ACTIVITY
Your response to the data below should hold nothing except the lines from the one containing "Sens Design Fitnessmat" down to the one containing "old school leather sofa", reproduced exactly and without pictures.

THE DATA
********
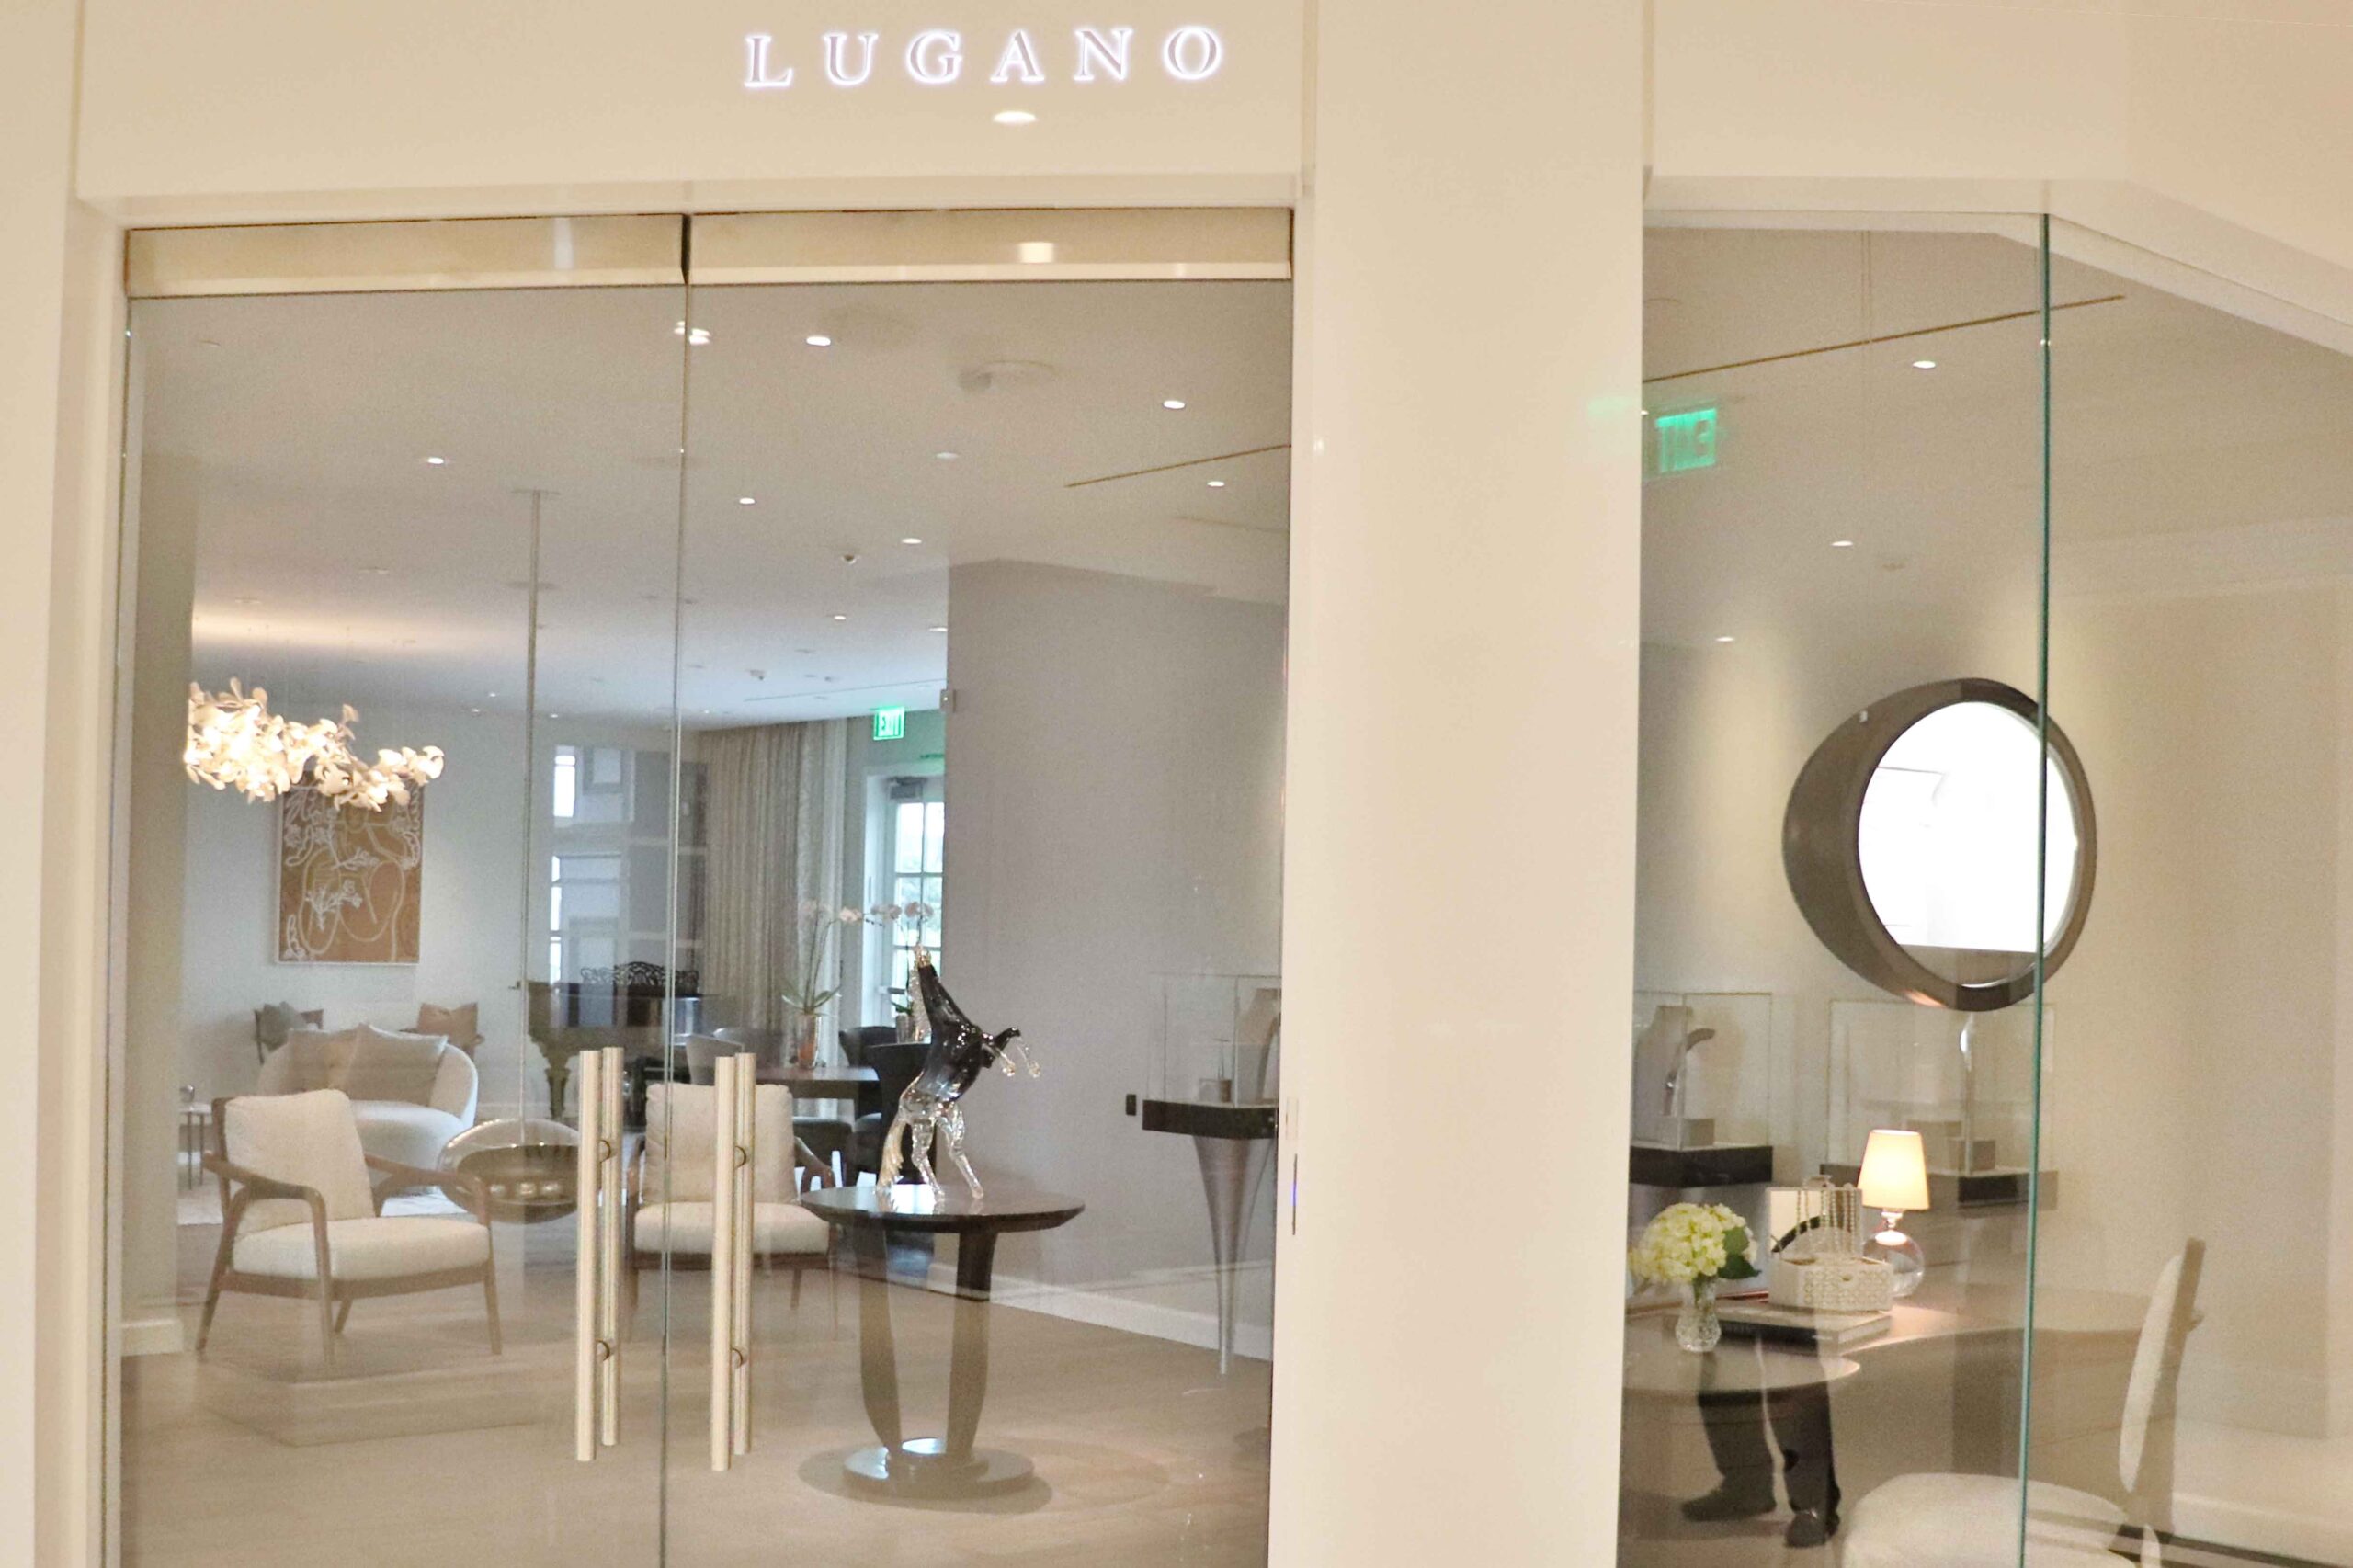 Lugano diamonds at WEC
********
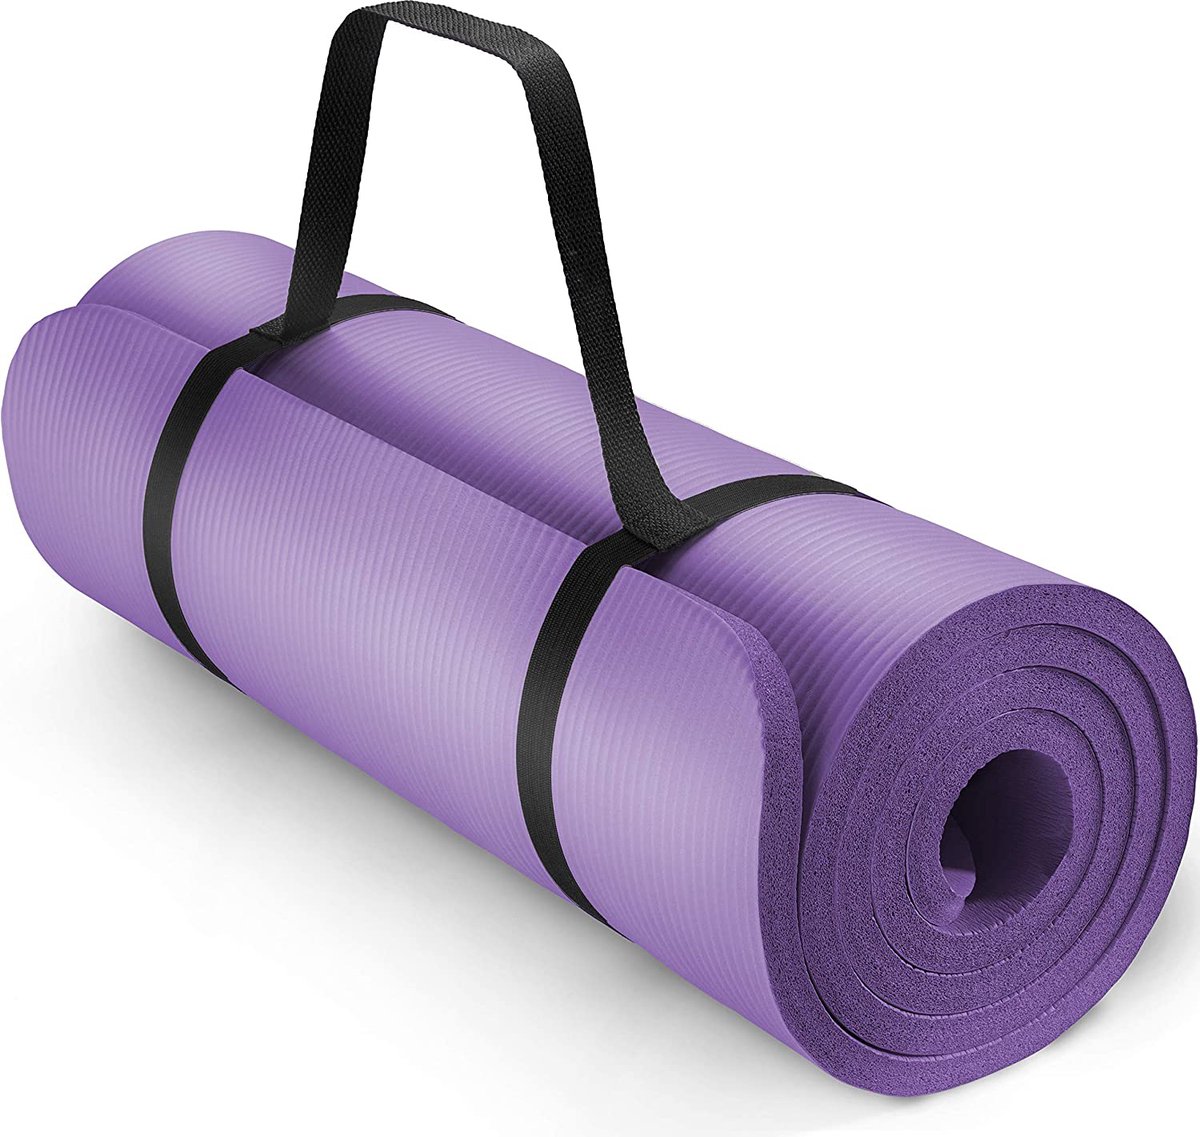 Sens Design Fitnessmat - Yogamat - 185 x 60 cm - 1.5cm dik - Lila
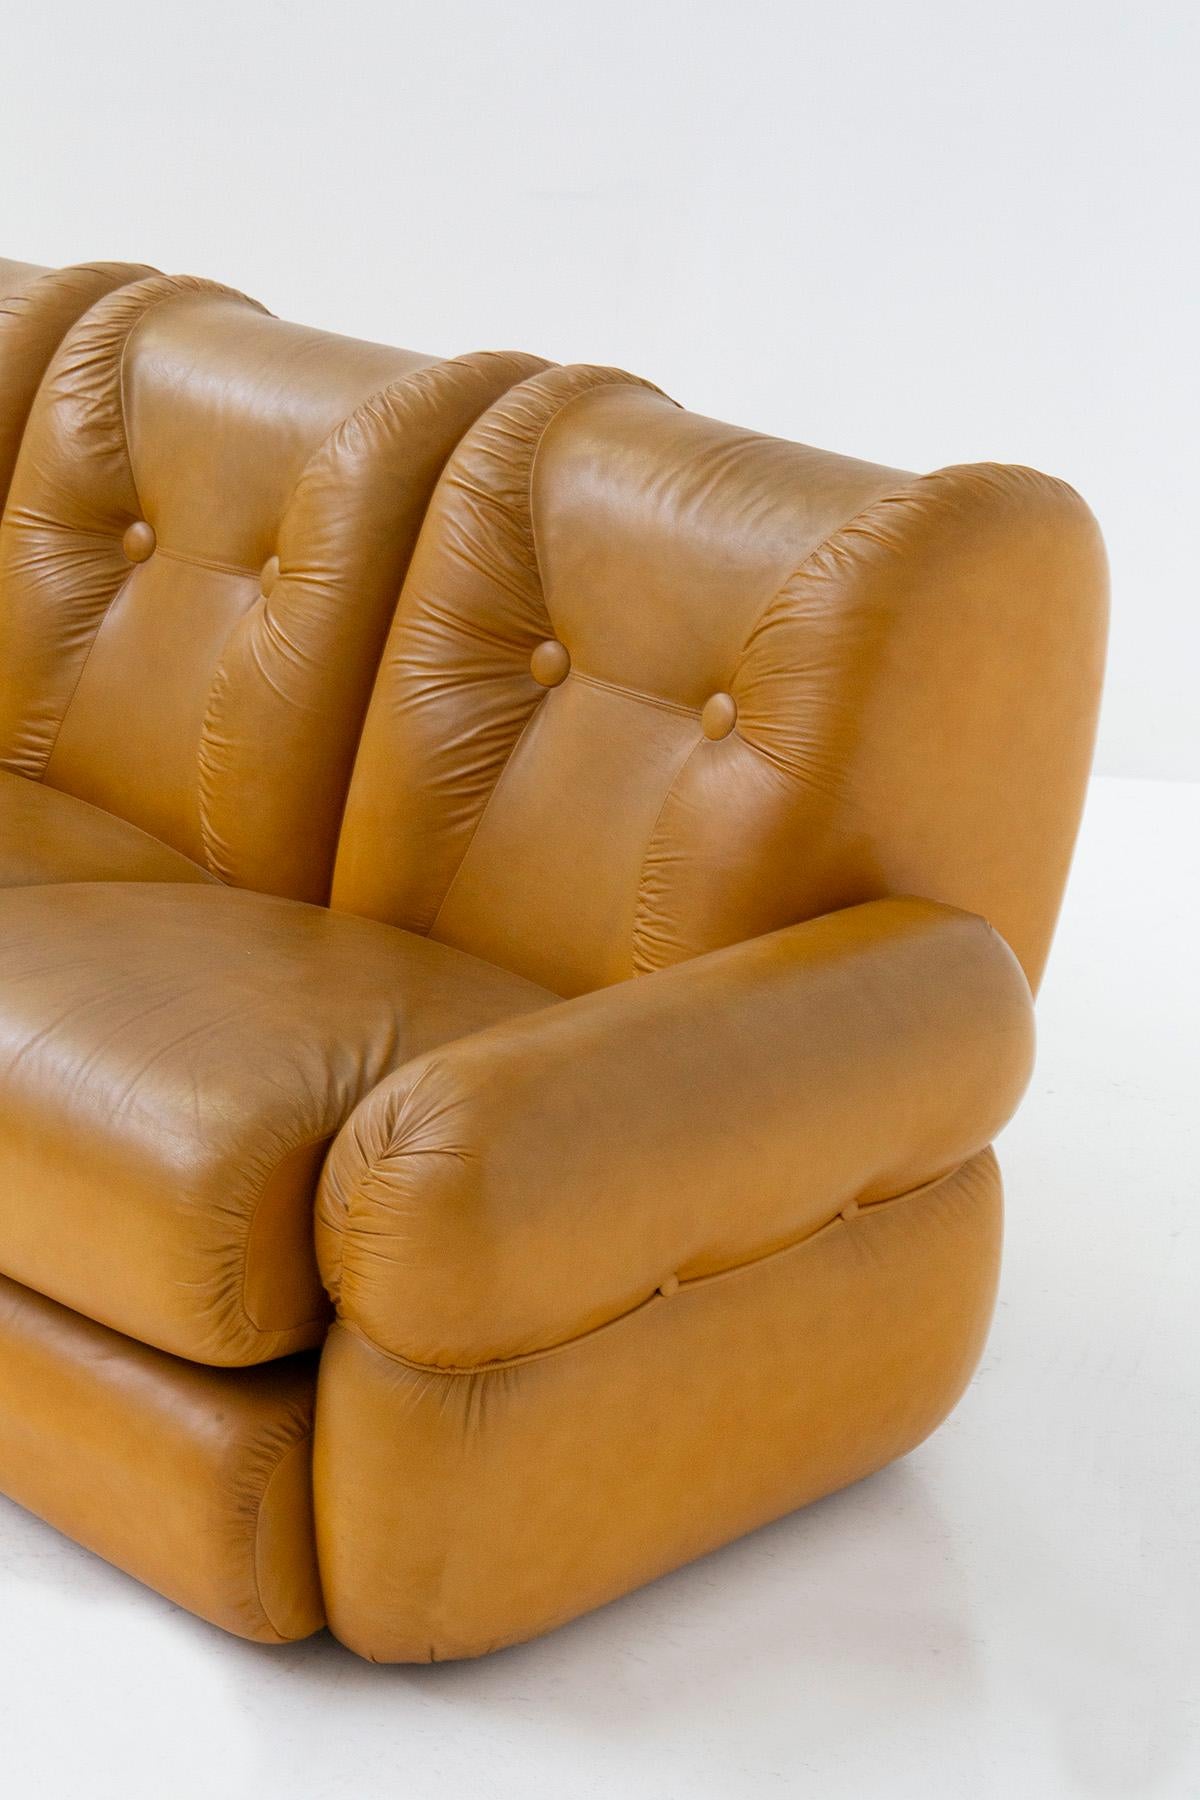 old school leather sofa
********
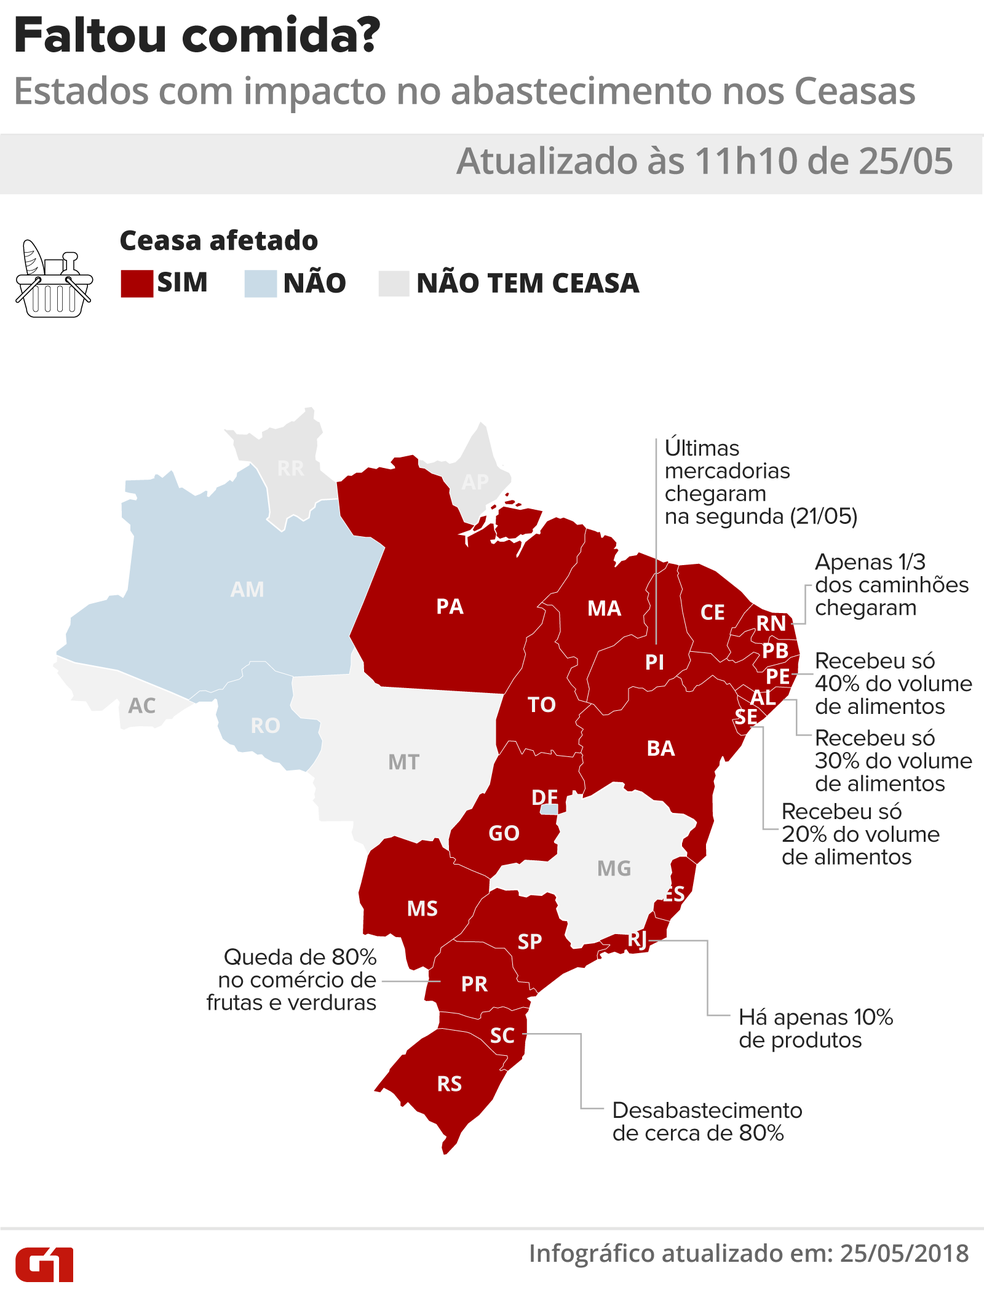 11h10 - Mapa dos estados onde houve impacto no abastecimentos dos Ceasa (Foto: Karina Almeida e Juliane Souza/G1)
********
REPLY TO THE TASK
 Sens Design Fitnessmat - Yogamat - 185 x 60 cm - 1.5cm dik - Lila
 old school leather sofa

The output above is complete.